A narrativa é centrada no diretor de cinema Salvador Mallo
(Antonio Banderas) que começa a enfrentar sérios problemas de saúde e, em
decorrência disso, começa a refletir sobre sua trajetória de vida e a arte que
produziu.
Desde o início fica evidente que o personagem vivido por
Banderas foi concebido como um simulacro do próprio Almodóvar, dos figurinos e
maneirismos, passando pelo penteado, tudo remete ao célebre diretor espanhol.

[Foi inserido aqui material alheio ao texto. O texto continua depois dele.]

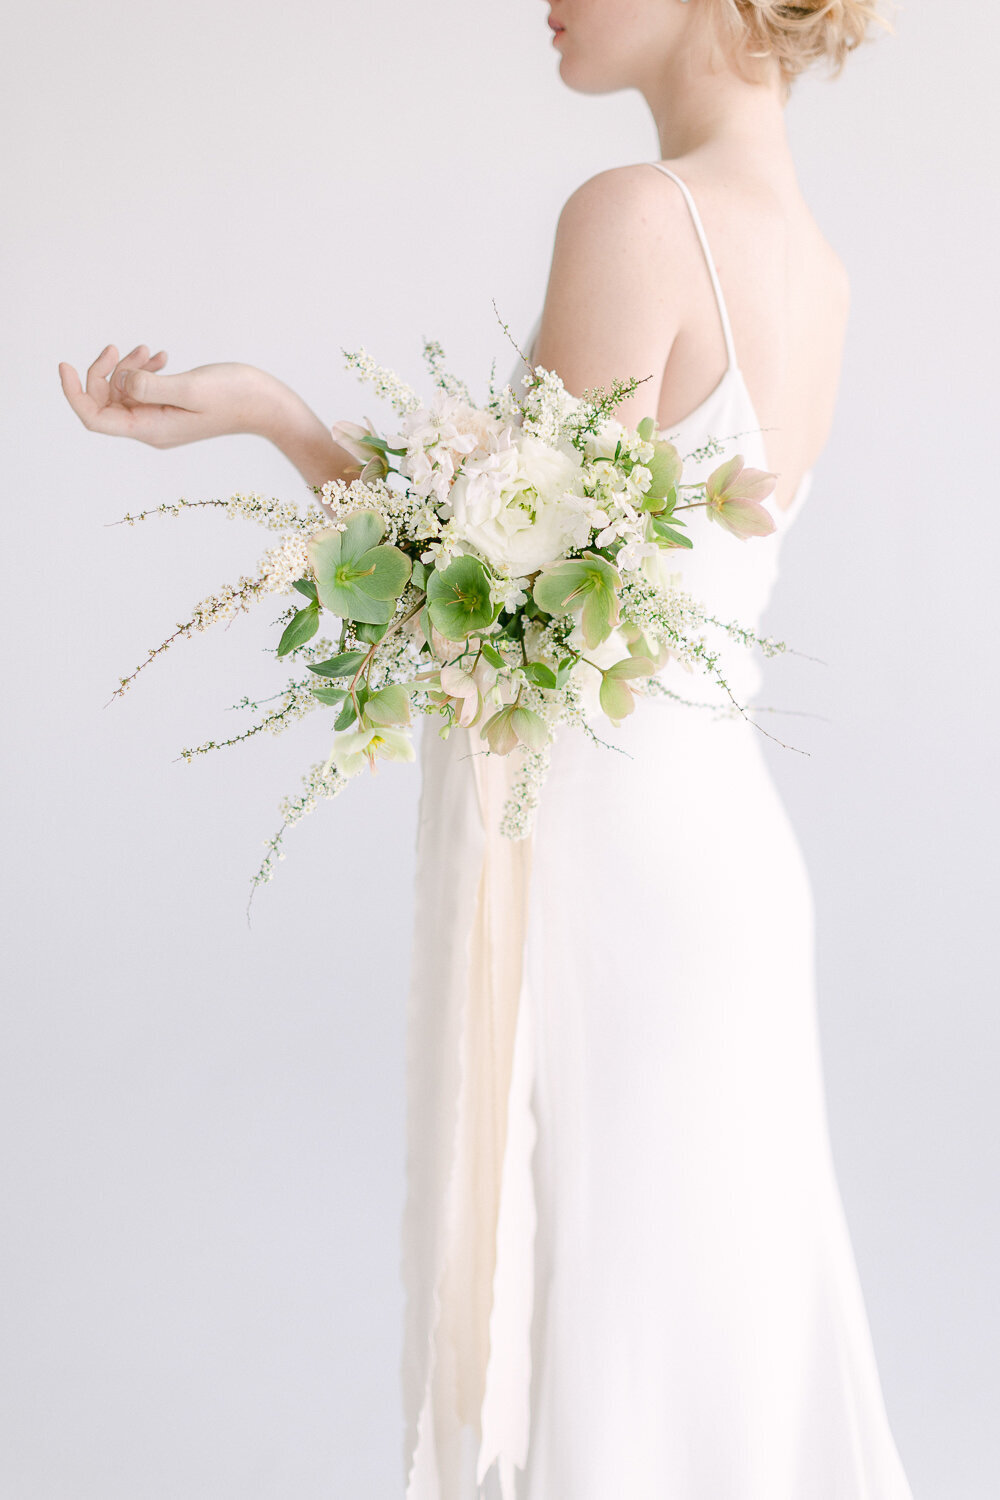 beautiful wedding bouquet - Minimalistic elegant style - Juno Photo

Não temos como saber o que Almodóvar tirou diretamente da própria biografia ou
do que é ficção, mas não importa. O que importa é como o filme, possivelmente
mais que qualquer outro filme do diretor, nos proporciona esse mergulho pelo
fluxo de consciência do realizador.
É um estudo sobre a arte e como ela nos move, como dá
sentido a nossas vidas mesmo diante das dificuldades, mesmo com todos os
problemas de saúde que parecem tornar nossas vidas insuportáveis. Dando sinais
de depressão e recorrendo ao uso de drogas para conviver com a dor, Salvador
vai aos poucos sendo tirado do seu estupor conforme revisita obras antigas e
essas obras, além do contato com seus antigos colaboradores, o impelem a voltar
a escrever.
O que acompanhamos é uma espécie de processo dialógico no
qual o fazer artístico de Salvador o leva a reencontros e reexames de sua vida
e experiências afetivas, como se o contato com a arte o fizesse entrar em
contato maior consigo mesmo, gerando um impulso maior para transformar essa
vivência em arte em uma espécie loop.
Através da jornada de seu protagonista, Almodóvar nos instruiu no que o fazer
artístico significa para ele.
Sob os olhar de Almodóvar vemos a arte como uma celebração
da vida, da experiência humana, dos afetos, dos dissabores. A arte é a razão
para que Salvador continue vivo, permitindo que ele se reconecte com pessoas,
sentimentos e memórias que acreditava já ter esquecido, dando a ele motivação
para tentar resolver seus problemas de saúde.
Além de Banderas, o filme também conta com um ótimo trabalho
de Penélope Cruz como a mãe de Salvador em cenas que parecem ser flashbacks da infância do protagonista.
Como em outros filmes de Almodóvar, o entendimento da relação do personagem
(que aqui é praticamente um simulacro do próprio diretor) é essencial para
entender como esse protagonista lida com o mundo.
Em seu trabalho mais pessoal em anos, em Dor e Glória, Pedro Almodóvar nos leva
para dentro de sua relação intelectual e afetiva para a arte, mostrando como o
labor artístico é central para a vida.